Marian Evans owns a large ranch in Western Australia[1]. She is considering selling the right to mine a section of her land. Marian expects a mining project to cause her a loss of $25m in farm income (in present value), because of the loss of the use of the land. On the other hand, the mine would build a road, which would save her $5m in transportation costs (in present value) over the life of the ranch.

BHP is the only mining company conducting minerals testing in this region. BHP review their minerals testing budget. BHP conclude that if they increase their testing budget, they will identify more potential developments than just the one on Marian's property, in fact, even more than they have the capacity for.

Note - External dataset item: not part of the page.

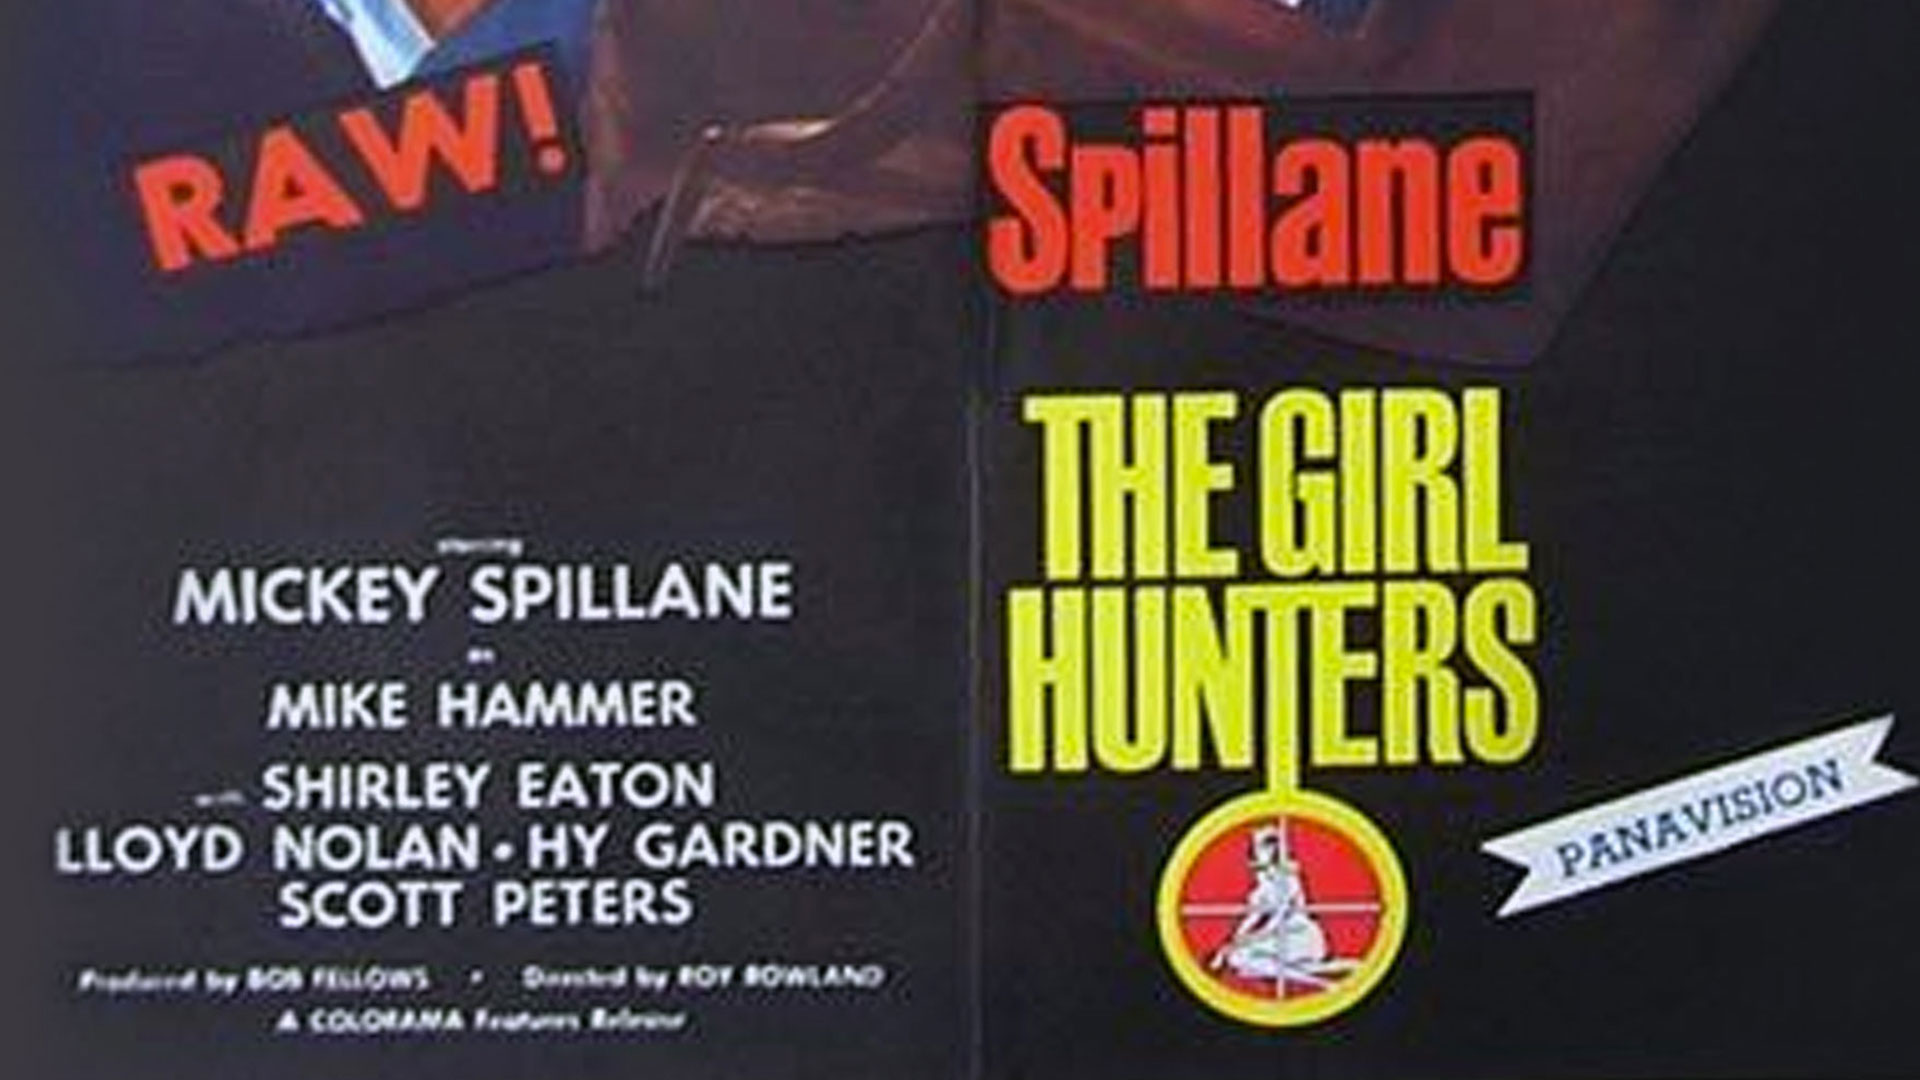 The Girl Hunters

If they increase their testing budget substantially, they expect to find roughly 3 properties (owned by two other people), with roughly the following types of values:

Opportunity cost Expected earnings of the mine
Property 1 (Marian's) see (a) 100
Property 2 15 90
Property 3 10 80

Question 1

If BHP has the capacity to develop at most 2 mines (because of their limited resources in people and equipment), what would the outcome of negotiations with these property owners be? What is the range of possible prices for each property sold?

Question 2

If they do not increase the testing budget, they will just negotiate with Marian. What are their profits?

Question 3

If they do increase the testing budget, they will find the three properties above, and develop two of them. What are their profits, if the necessary budget increase is $35m? We will assume that negotiated prices split the possible range of prices, where the range is determined by core bargaining.

Question 4

Do BHP find it worthwhile to increase their minerals testing budget? Explain the intuition.

Question 5

Suppose we are in a mining boom. BHP is also negotiating with suppliers of machinery, in order to build and equip mines. They estimate that every excavator they can source will mean they can earn an extra $2m in profits, up to 30 excavators. Caterpillar can produce up to 20 excavators at a marginal cost of $500k each, and Komatsu can produce up to 20 excavators at marginal cost of $800k each. How many excavators do they source from each, and what is the range of possible prices?